By then we were hungry, so got shish, falafel and noodles and sat in the park, in the warm October sun. (What?)

We had guests coming to tea, so I went to Sainsburys to get some angel cake, Tunnocks caramel wafers, and digestives.

Around 2pm, I joined a Skype call with Sara and Liz in Washington, at the Smithsonian. Our calls, while always focussing on next steps and progress, are always filled with laughter and lots of jokes. It was funny introducing Thibaut and Amy to the style of “business meeting” we’ve had with the Smithsonian folks for almost two years now, every week. They are true partners, and real friends. Schemes continue.

Next I talked to an insurance broker who I’d never met and knew nothing about us, who asked me the sort of new and neutral questions I generally enjoy, probing for the edges of our operation in the hope of describing it adequately for potential providers. It turns out we’ve built a small but international business with a growing network of collaborators and other service providers so that’ll probably be complicated and expensive. Ho hum.

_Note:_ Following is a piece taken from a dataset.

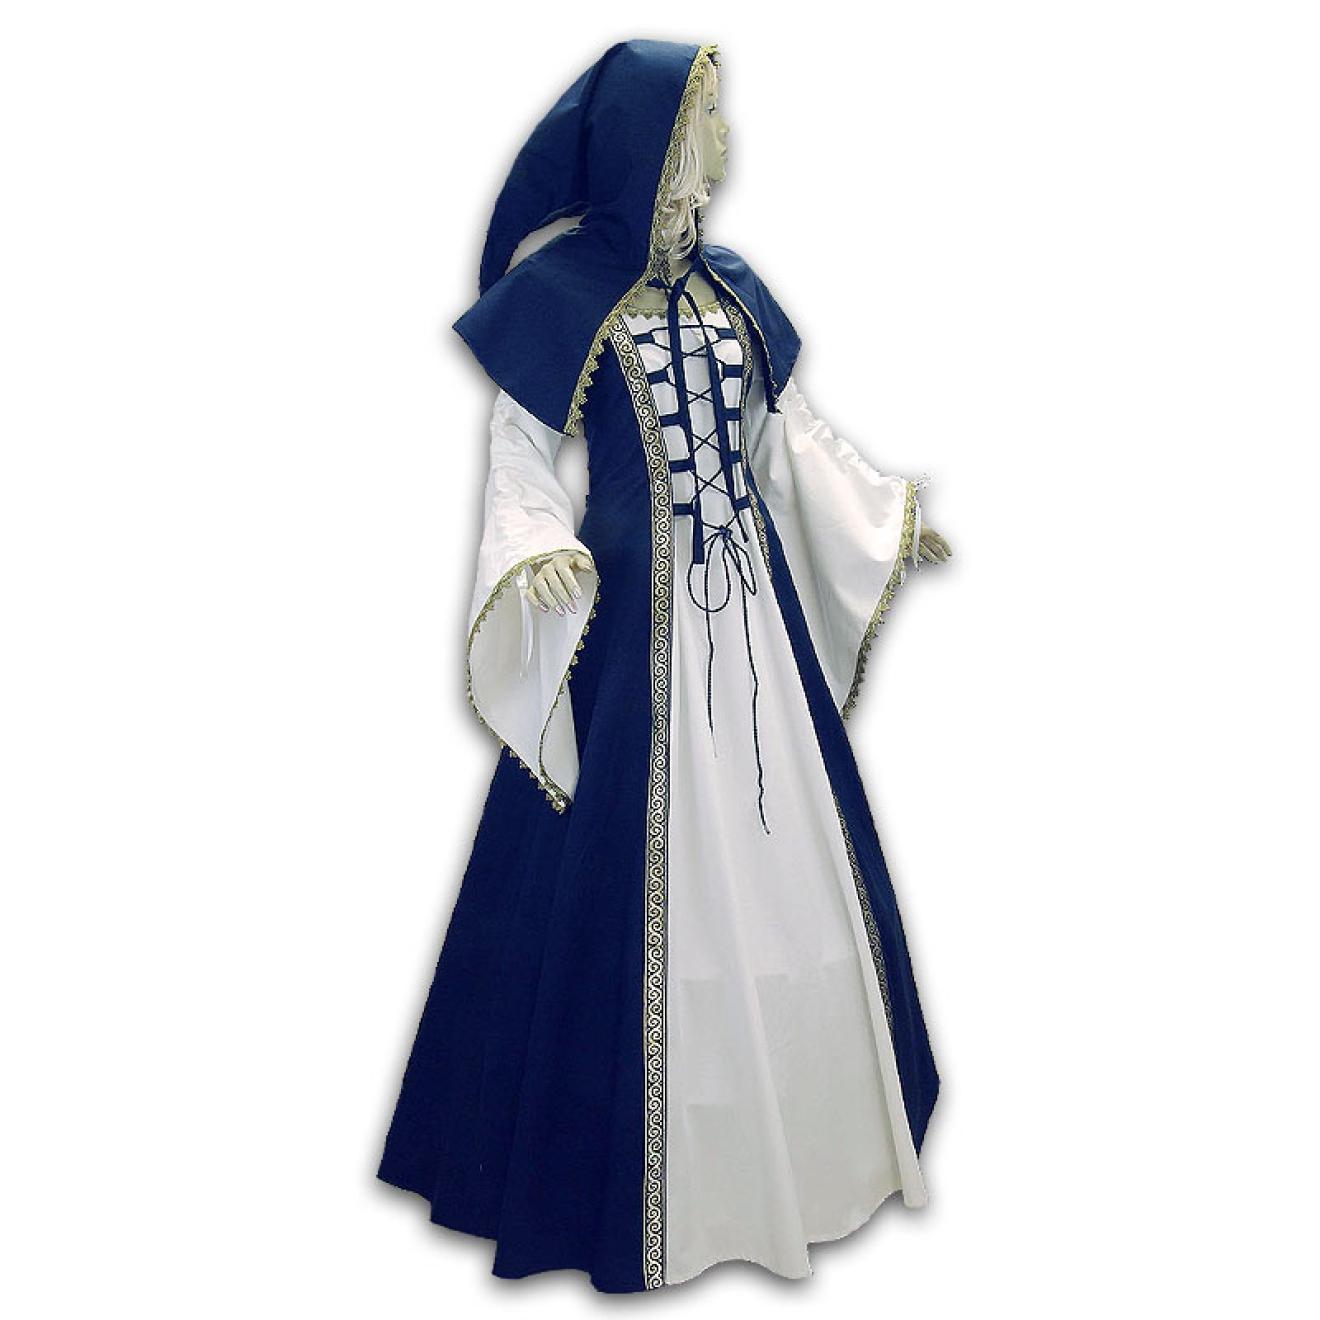 Mittelalter Hochzeitskleid maßangefertigt bis Übergröße mit Gugel ...

Sara and I had been interviewed the week before by a video press blog in Los Angeles who liked what Museum in a Box is and was going to make an article about us. I wrote to them to ask how it was going, and they told me the video piece was already online. I watched it, and so have 116,000 other people by now. WTF. Great! (That explains the influx of hello emails we got on Monday from teachers in the USA who would all like boxes please.)

Then our afternoon guests arrived, Lucia and Martin, both part of our pilot. It’s lovely that we can meet the London pilots in person, and, over cake, we followed more or less the same script we asked Pat about in the morning. The three stories are each so different, but all united by our simple thing. It’s fascinating how each person has taken the idea and is running with it.

What is a Museum? How might this change it? How could this create a new way to enjoy sound? Could this encourage new collaborations within our museum? Is a Box better than the laptops we have in our Learning Centre? What if the kids pull it apart? We visit museums 2–3 times a year and the kids have to pay a bit of money for that. Wouldn’t it be great to get a sponsor to help with the pilot?

It’s such a thrill to be engaging with our pilots like this. Having thought and dreamt about Museum in a Box in relative isolation for a while now, this user research and conversations we’re having are enlightening and exciting, especially for me, because they’re making me see what we’re making from new points of view. It’s refreshing and inspiring, and there’s another 36 or so to go.

Oh, and, got a note from a chap in Singapore who wants to tinker with a Box to make a series of talking artefacts about Sikh Heritage.

The thing is, when you’re trying to make something new, every day is different, and this was a good one.

By George Oates

I am the Founder of Museum in a Box!